The resulting executable immediately crashes with this stack trace (provided I set export MALLOC_CONF="prof:true" to activate JEMALLOC heap profiling):
(gdb) bt
#0 0x000000000031453c in pthread_kill ()
#1 0x00000000002ed176 in raise ()
#2 0x00000000002ed520 in abort ()
#3 0x00000000002d3de0 in uw_init_context_1[cold] ()
#4 0x00000000002d3cec in _Unwind_Backtrace ()
#5 0x00000000002ae51e in je_prof_boot2 ()
#6 0x000000000024460b in malloc_init_hard ()
#7 0x000000000024611d in je_malloc_default ()
#8 0x000000000036ebbb in _dl_get_origin ()
#9 0x0000000000377ad7 in _dl_non_dynamic_init ()

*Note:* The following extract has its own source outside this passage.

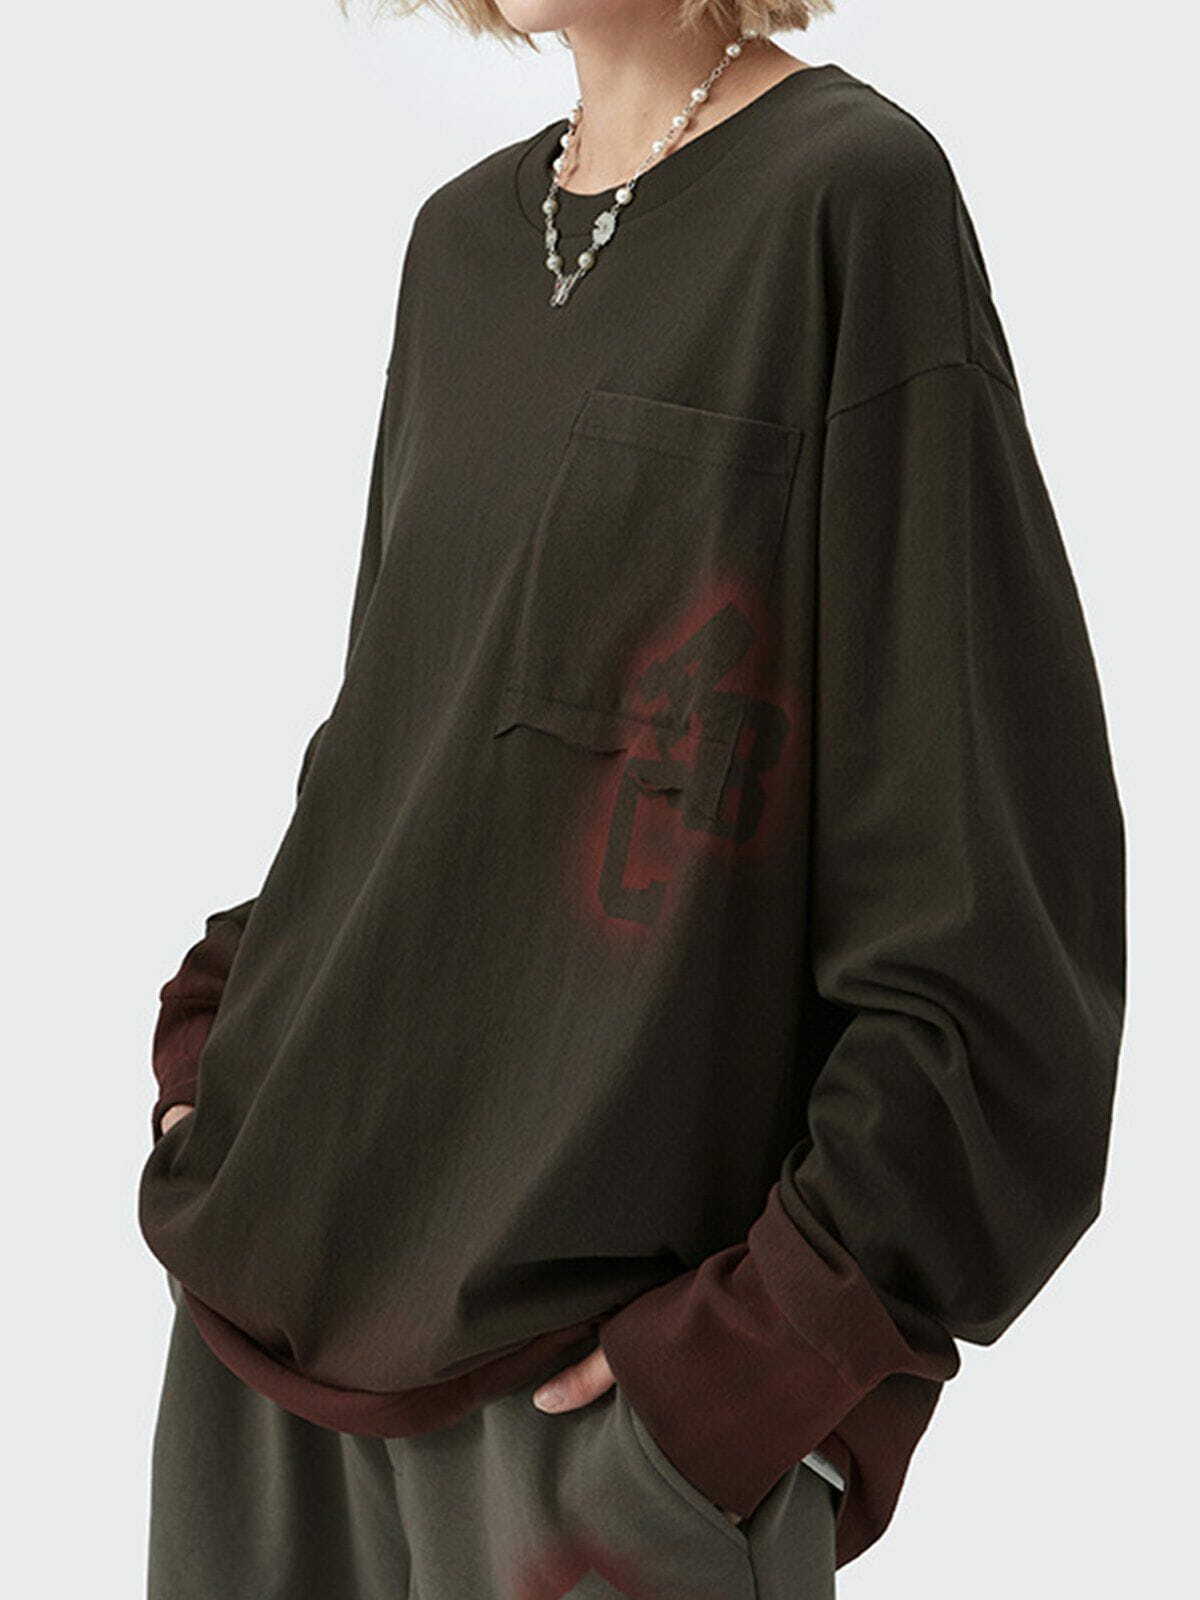 blooming gradient sweatshirt edgy streetwear essential 2453

#10 0x00000000002d64da in __libc_init_first ()
#11 0x00000000002d80da in __libc_start_main_impl ()
#12 0x000000000023e925 in _start ()
The test program is almost certainly not minimal, since the code in main is not even run, we are in the initialization code before main. I have another, larger example, where we build a whole application using alpine linux and libmusl with static executables. There it does not crash but gets into a deadlock in pretty much the same situation, since malloc_init_hard calls the libunwind initialization routines, which in turn seems to call malloc, which tries again to initialize using malloc_init_hard.